Design and planning
Site structure, user journeys, visual direction, content placement and technical architecture are prepared in line with the scope. Review comments should be consolidated and supplied by the authorised decision-maker.
The sequence below explains a typical engagement. Actual stages, timing and documentation depend on the accepted proposal.
The initial enquiry is reviewed to understand the business objective, intended users, current systems, expected deliverables, available content, integrations, target market and any fixed constraints.

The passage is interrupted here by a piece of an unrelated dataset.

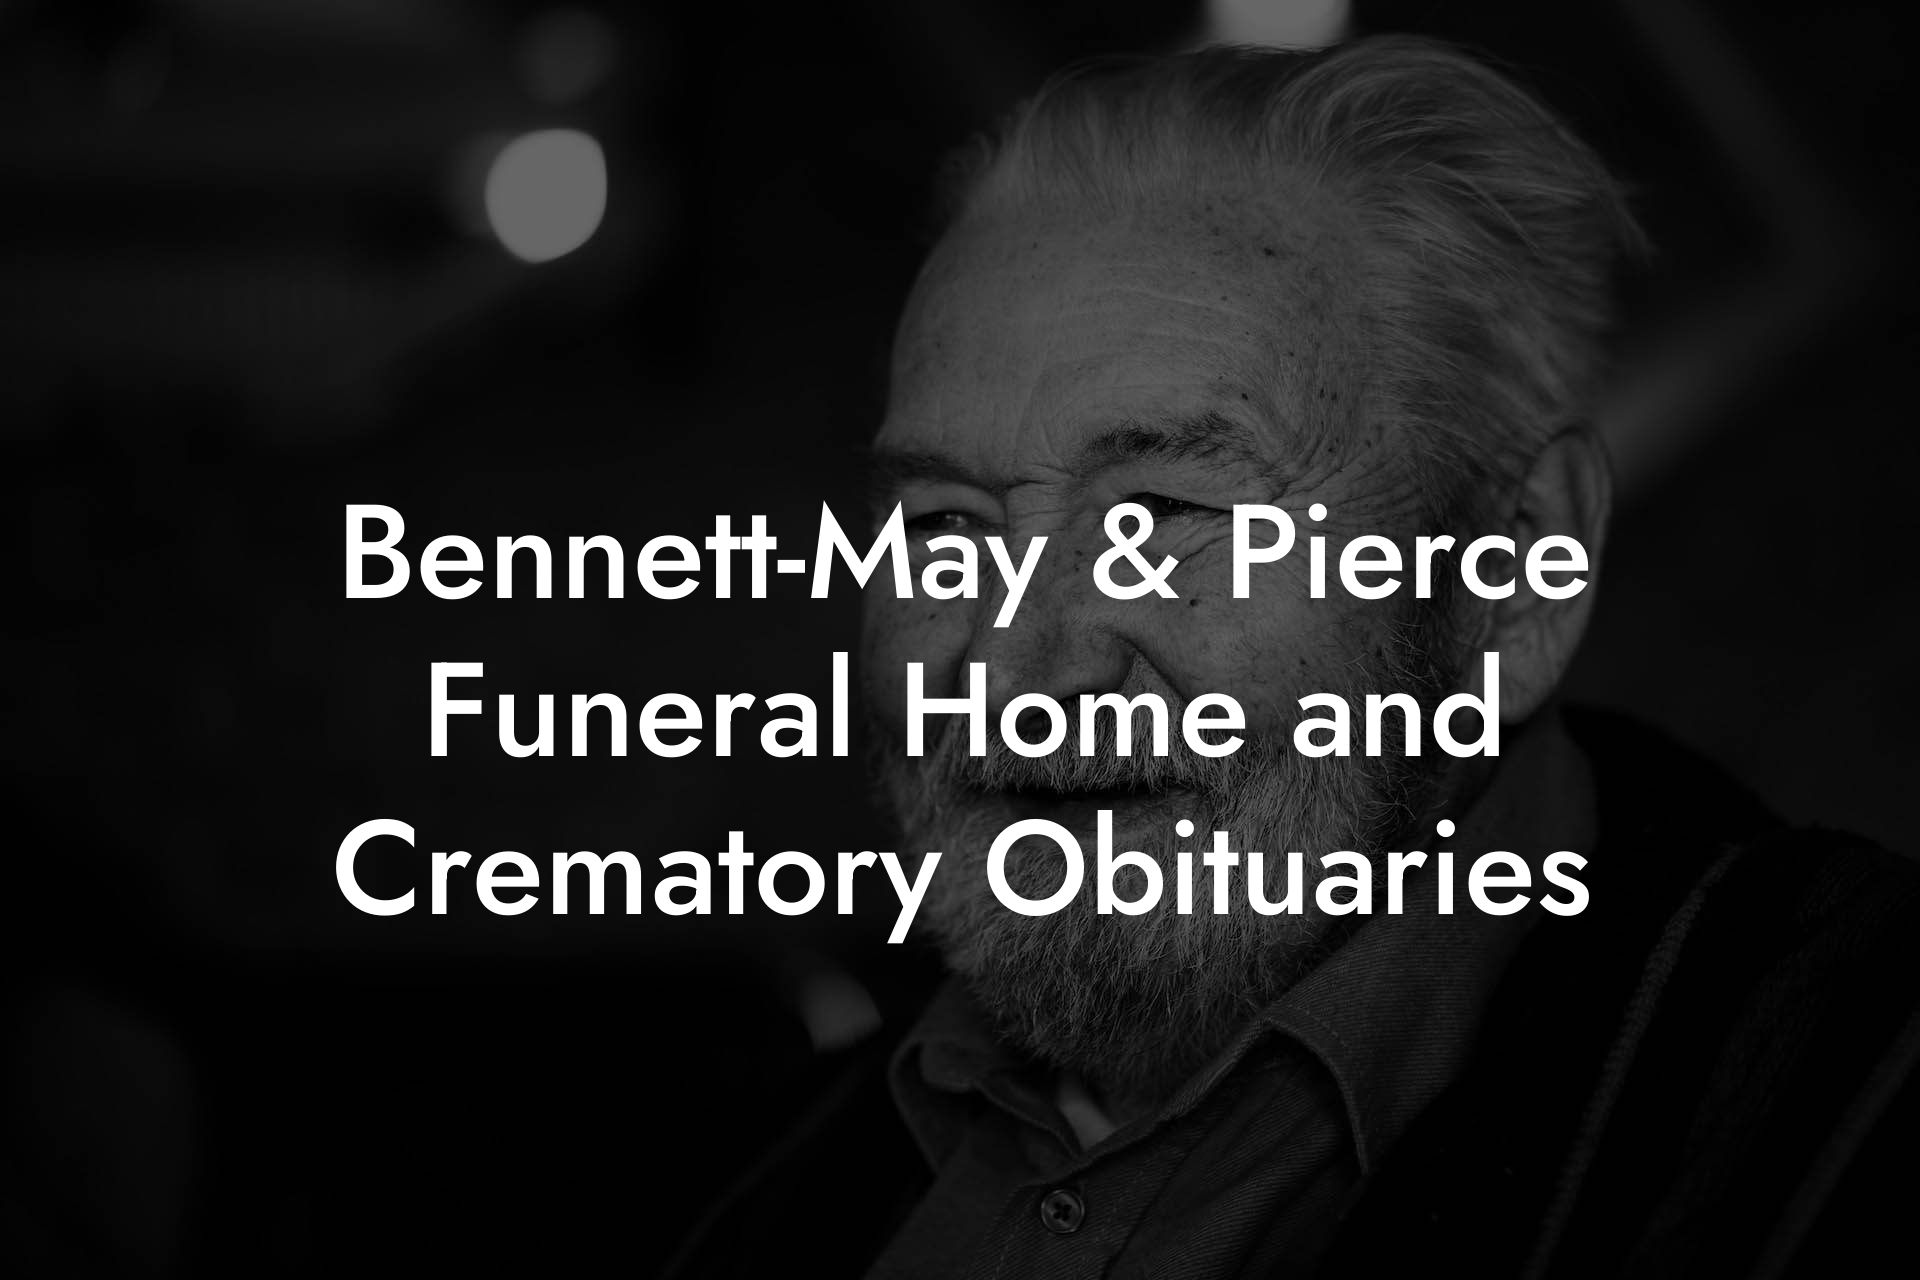 Bennett-May & Pierce Funeral Home and Crematory Obituaries

Discovery does not automatically create a contract. Workforce Infotech may request additional information before confirming whether the project is suitable.
A proposal, estimate or agreement translates the discovery information into a defined scope. Any item not included should not be assumed to be part of the project.
Work should begin only after the applicable commercial terms and start requirements have been accepted.
Site structure, user journeys, visual direction, content placement and technical architecture are prepared in line with the scope. Review comments should be consolidated and supplied by the authorised decision-maker.
The approved direction is implemented. Functional checks, responsive testing and agreed integrations are completed. Clients may need to provide accounts, keys, content or test data.
Deployment is coordinated after required approvals and access are available. Handover may include administrator credentials, approved files, documentation or a separate support arrangement.
Digital projects often evolve. A request that changes pages, features, integrations, content volume, user roles, creative direction or delivery assumptions may require a scope adjustment. Workforce Infotech should explain any effect on fees, timing or dependencies before undertaking material out-of-scope work.
Silence or informal discussion should not be treated as automatic acceptance of additional work. Important changes should be documented in writing.